What are you trying to achieve?
As part of the annual plan TEC9: Address knowledge gaps, we have implemented the paper Growing Wikipedia Across Languages via Recommendation and want to take the implementation to production. We want to generate article recommendations for creation and make these recommendations available via a REST API.
What does the implementation look like?
The implementation repository contains a set of scripts (with instructions on how to run them) that generate article recommendations for a given language pair in TSV format. Development and testing of these scripts were done using pyspark in stat1007. Here you can learn more about how it works.
How does the production pipeline work?
Please see the diagram below.
What are you going to do with the TSV files?
We want to import these TSV files into MySQL and expose the data using the REST API. These TSV files can range anywhere from a few megabytes to about 200 MB per language pair. When there are fewer overlapping articles between the language editions of Wikipedias, the file size gets bigger.
Tell me more about the MySQL database and the REST API that's using it
How are database tables created?
We have a repository that creates the database tables and imports data into the database.

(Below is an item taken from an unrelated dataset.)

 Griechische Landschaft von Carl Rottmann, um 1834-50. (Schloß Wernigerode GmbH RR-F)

We want to create an Oozie job to automate these processes.
How is data going to be imported?
Via an Oozie job that imports TSV files from HDFS into MySQL. We'll be working with Analytics to create an extensible solution that works with not only MySQL, but other storage systems, although in this setup we only need to support MySQL. Other storage backends maybe needed in the future.
How are article normalized scores updated?

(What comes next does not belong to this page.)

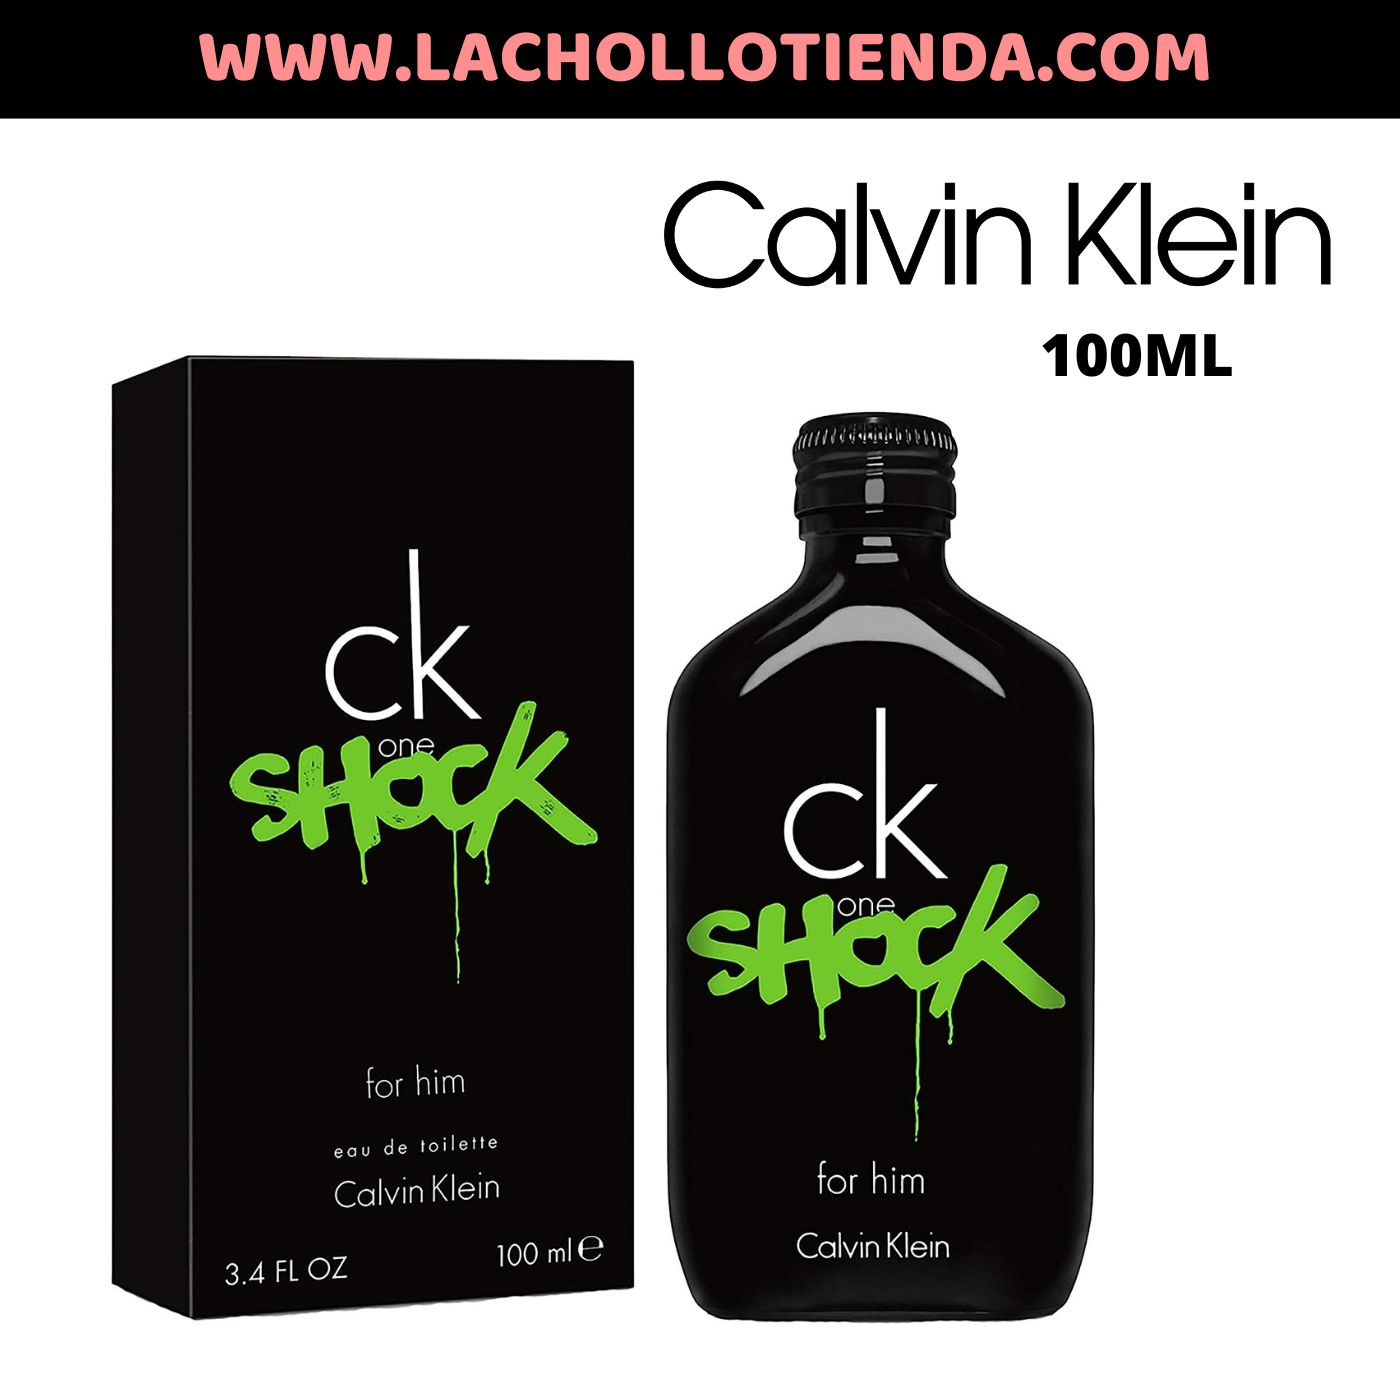 Calvin Klein - CK ONE SHOCK FOR HIM 100ml

In order to generate new set of recommendations, we need to have access to fresh Wikidata dumps. Once we generate new recommendations, we'll import those into MySQL into versioned tables which are postfixed with a date. We also have canonical views that point to one of these versions of the tables. These views are being used by the REST API.
Creating versioned tables as opposed to having one table with versioned rows allows us to save space because the data version will only be in the table name and not in each row of the data. Another upside is that we can easily drop old versions of the data without locking up the database. Backing up specific versions of the recommendation is also easier this way.
Once the new data is in the database, we'll monitor its usage and pay attention to any issues it may have. If no problems are found, we can drop older versions of the tables and only keep the new data. In case of errors, we can easily point the views to an older version of the data, or directly point to these older tables in the REST API configuration.
These tasks will be part of the deploy repository and will be automated.
How are you going to generate data in the Analytics cluster?
We want to watch for new Wikidata dumps and generate new recommendations every quarter (tentatively). We'll adapt the implementation repository to work in the cluster and automate the process.